La société assure que cette technique « n’a aucun impact pratique sur la qualité ou le contenu des réponses de Claude ». Le « coup de pouce » est désactivé lorsqu’une seule réponse est correcte, par exemple pour un calcul ou du code exécutable. En revanche, les commentaires enfouis dans le code restent éligibles au marquage.
Anthropic insiste également sur le fait que le filigrane ne contient aucune information d’identification : il ne permet pas de remonter à une personne, une organisation ou une conversation.
La vérification repose sur une clé détenue uniquement par Anthropic. En pratique, aucun acteur extérieur ne peut donc contrôler quoi que ce soit tant que le service de détection promis n’est pas disponible, et aucune date n’a été fournie. La détection faiblit sur les passages courts, où le nombre de choix lexicaux est insuffisant pour établir un signal robuste. Anthropic reconnaît enfin que la relecture, le résumé ou la traduction peuvent laisser une empreinte sur des textes écrits à l’origine par des humains.
Des dizaines d’abonnés payants ont commencé cette semaine à résilier leur offre, décrivant ce marquage comme une « lettre écarlate » qu’une simple réécriture ne suffit pas à effacer.

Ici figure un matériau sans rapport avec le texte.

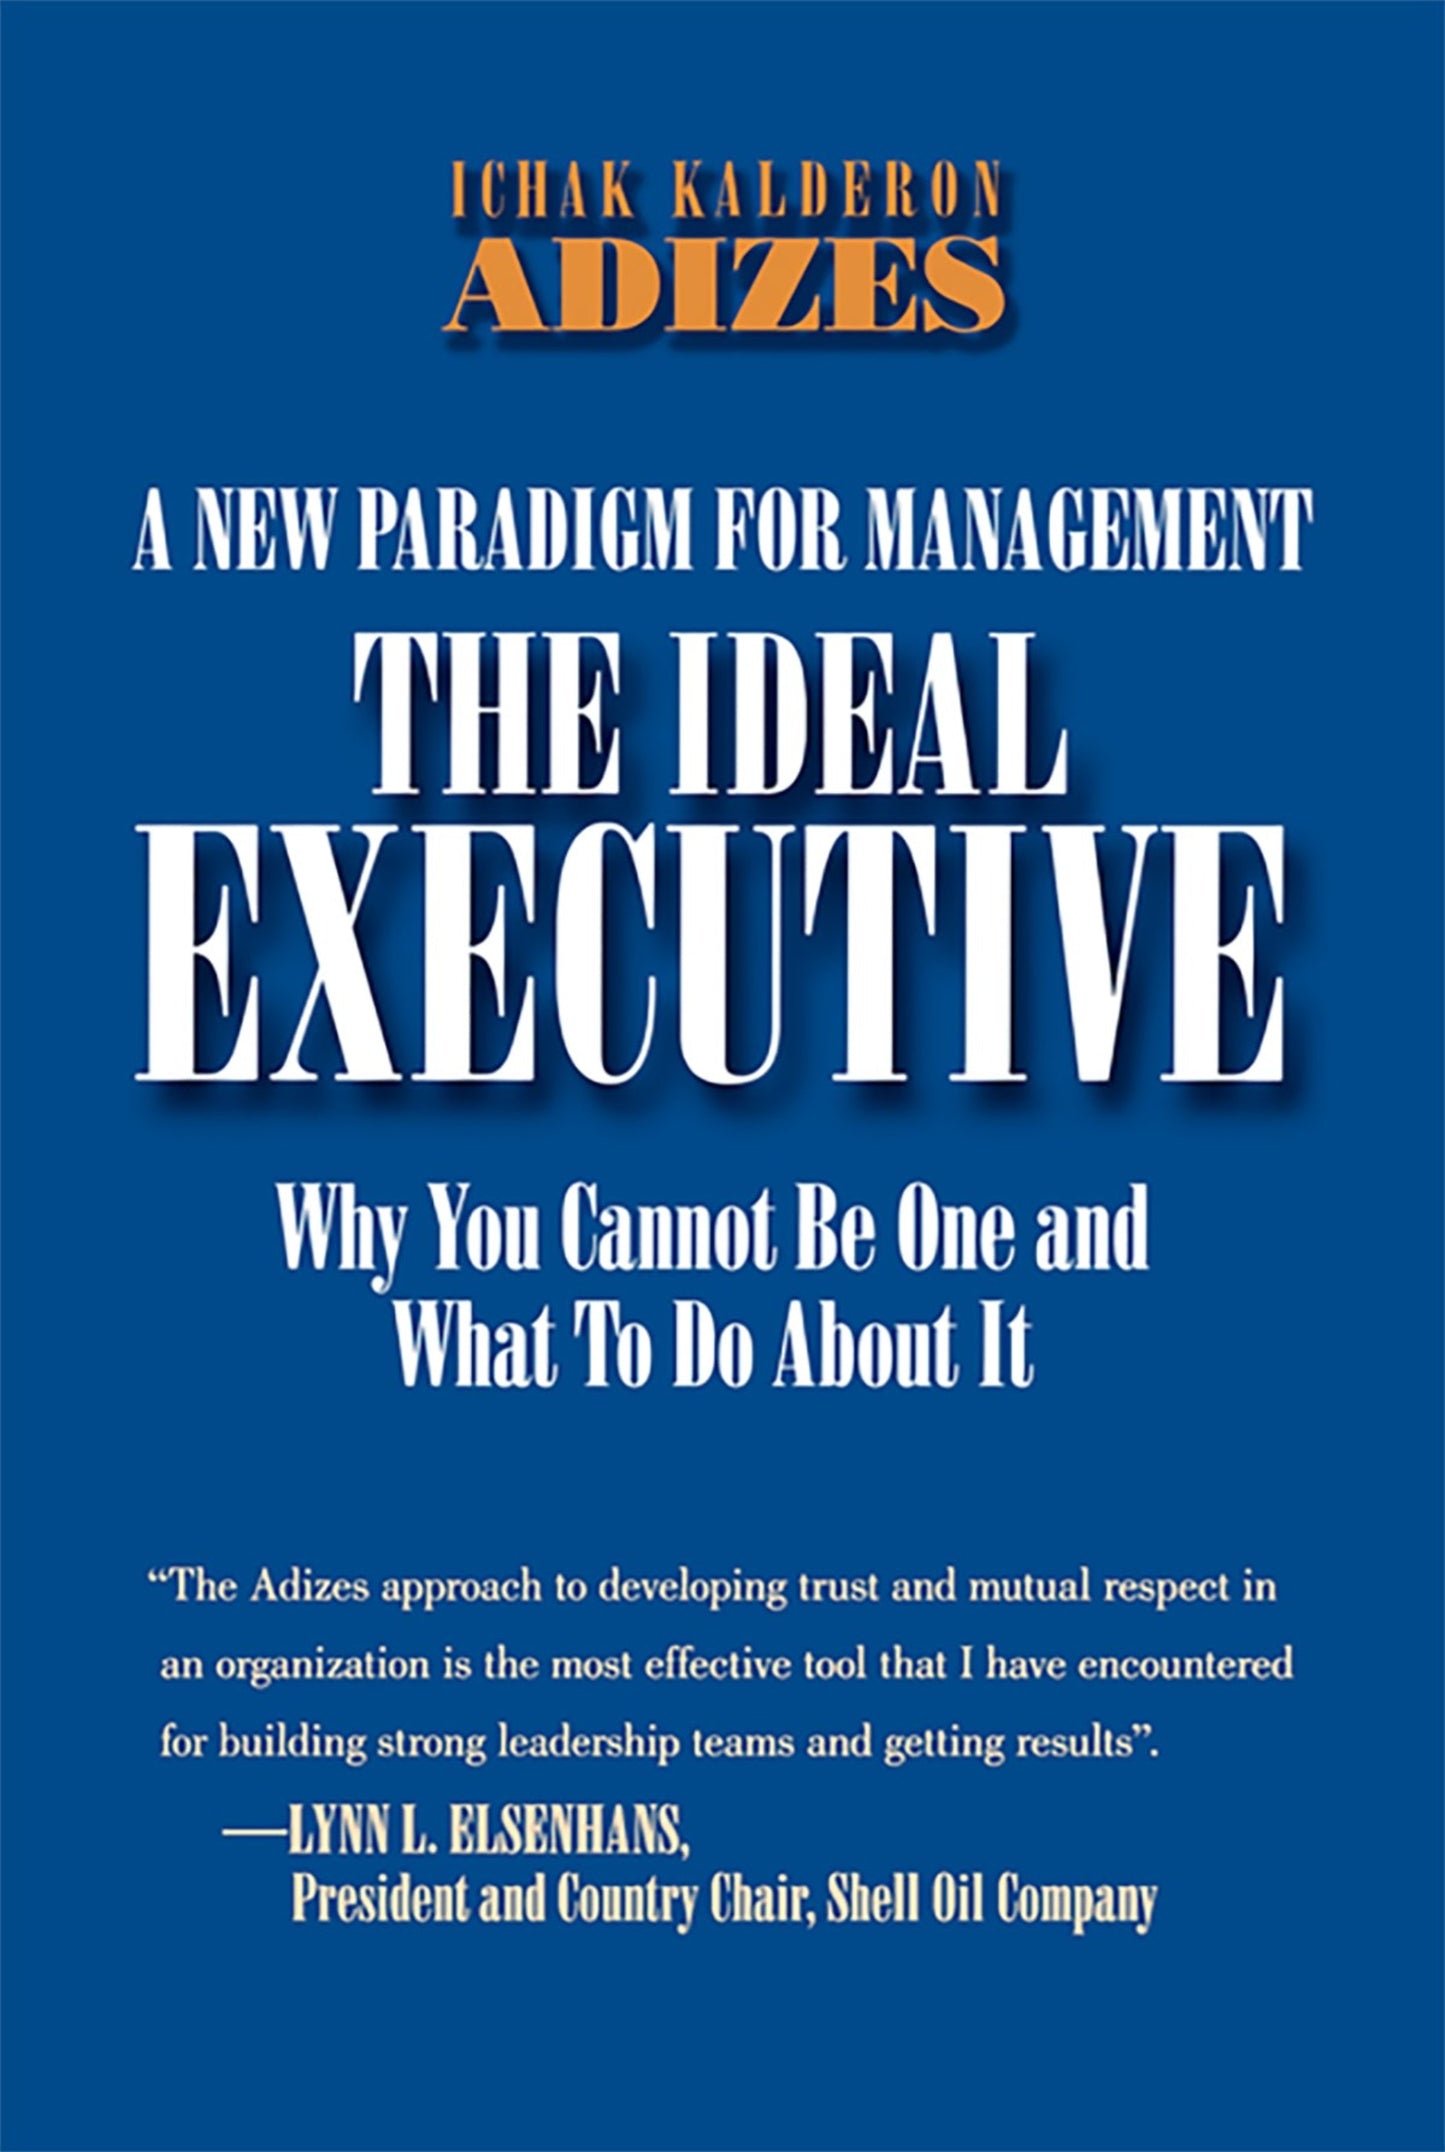 The Ideal Executive (English)

Calendrier du déploiement du filigrane
La polémique enfle depuis environ deux semaines. Les obligations de transparence prévues à l’article 50 de l’AI Act européen sont entrées en vigueur le 2 août, assorties de sanctions pouvant atteindre 15 millions d’euros ou 3 % du chiffre d’affaires mondial annuel.
Anthropic a d’abord mis à jour ses pages d’assistance, avant de publier, le 14 août, une note technique plus fouillée, après des critiques visant un premier document jugé purement déclaratif.
L’essai de Gruber a été mis en ligne deux jours plus tard. Les premiers échos de résiliations sont apparus dans la foulée, tandis que les anciennes versions de Claude restent, pour l’instant, dépourvues de filigrane. La société assure toutefois qu’elle étendra progressivement ce marquage à ces modèles au cours des prochains mois.